How to complete this task
Copy the following data exactly and drop the pictures.

Exercise data
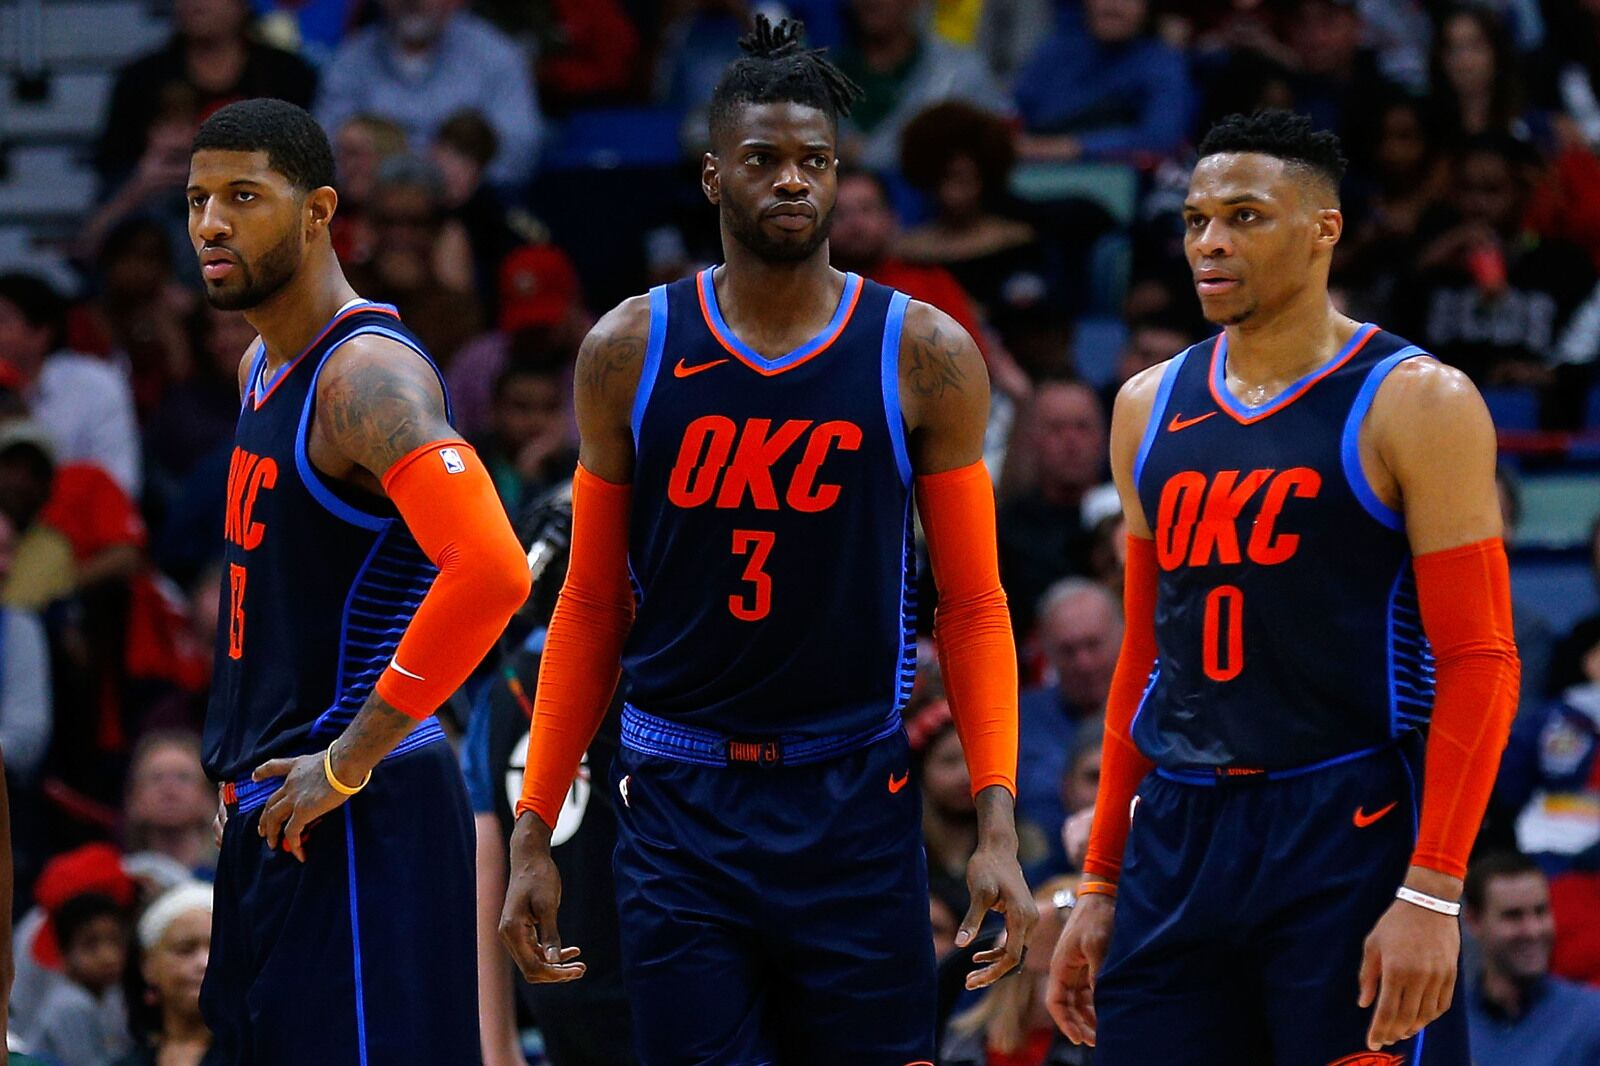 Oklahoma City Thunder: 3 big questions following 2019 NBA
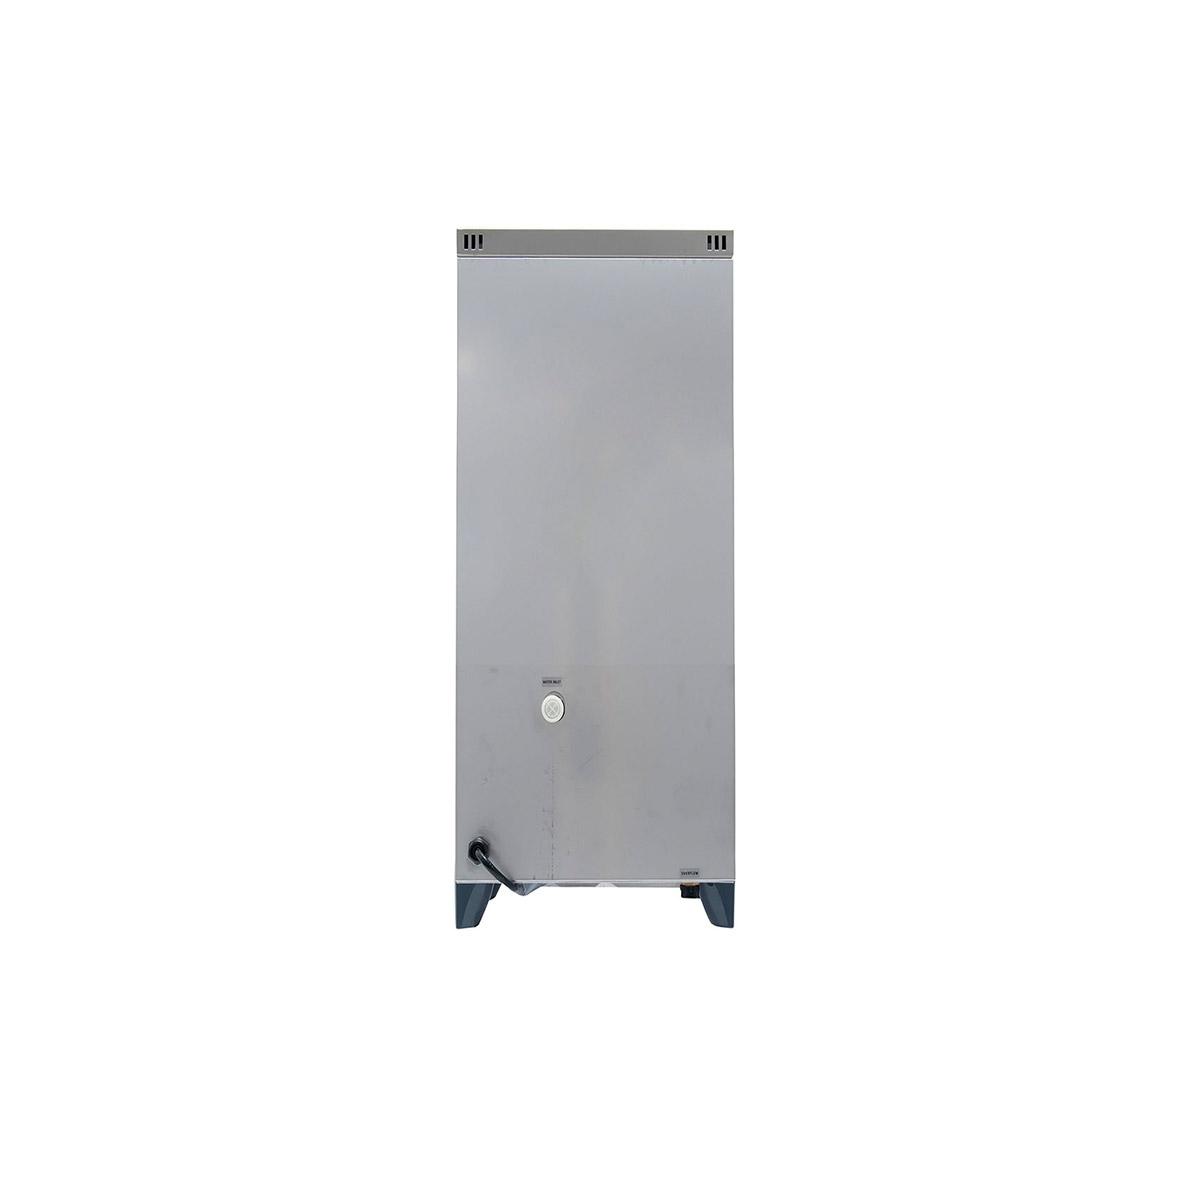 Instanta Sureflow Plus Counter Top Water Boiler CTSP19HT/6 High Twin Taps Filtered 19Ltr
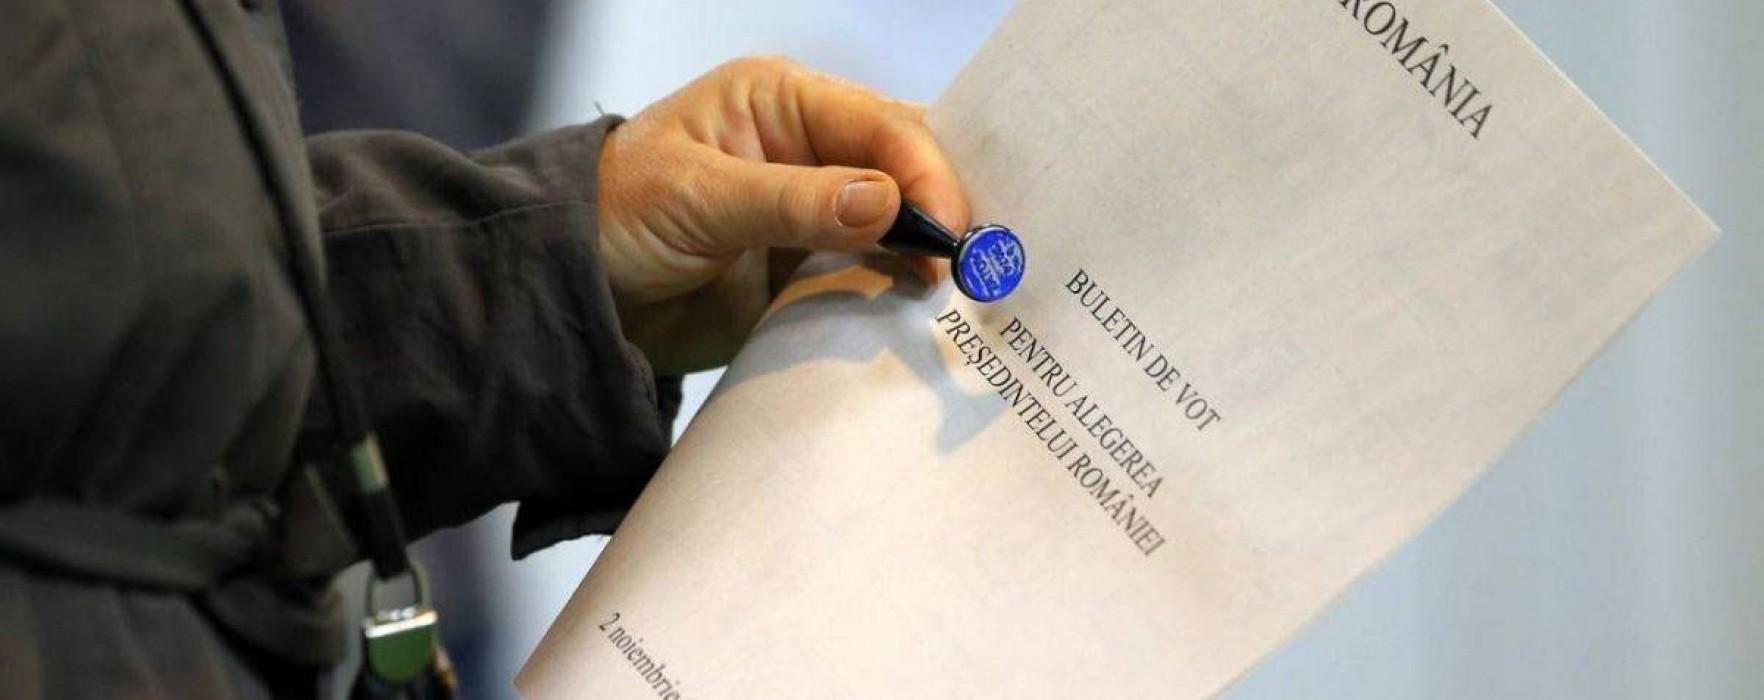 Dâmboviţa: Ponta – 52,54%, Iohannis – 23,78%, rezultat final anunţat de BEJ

Result
 Oklahoma City Thunder: 3 big questions following 2019 NBA
 Instanta Sureflow Plus Counter Top Water Boiler CTSP19HT/6 High Twin Taps Filtered 19Ltr
 Dâmboviţa: Ponta – 52,54%, Iohannis – 23,78%, rezultat final anunţat de BEJ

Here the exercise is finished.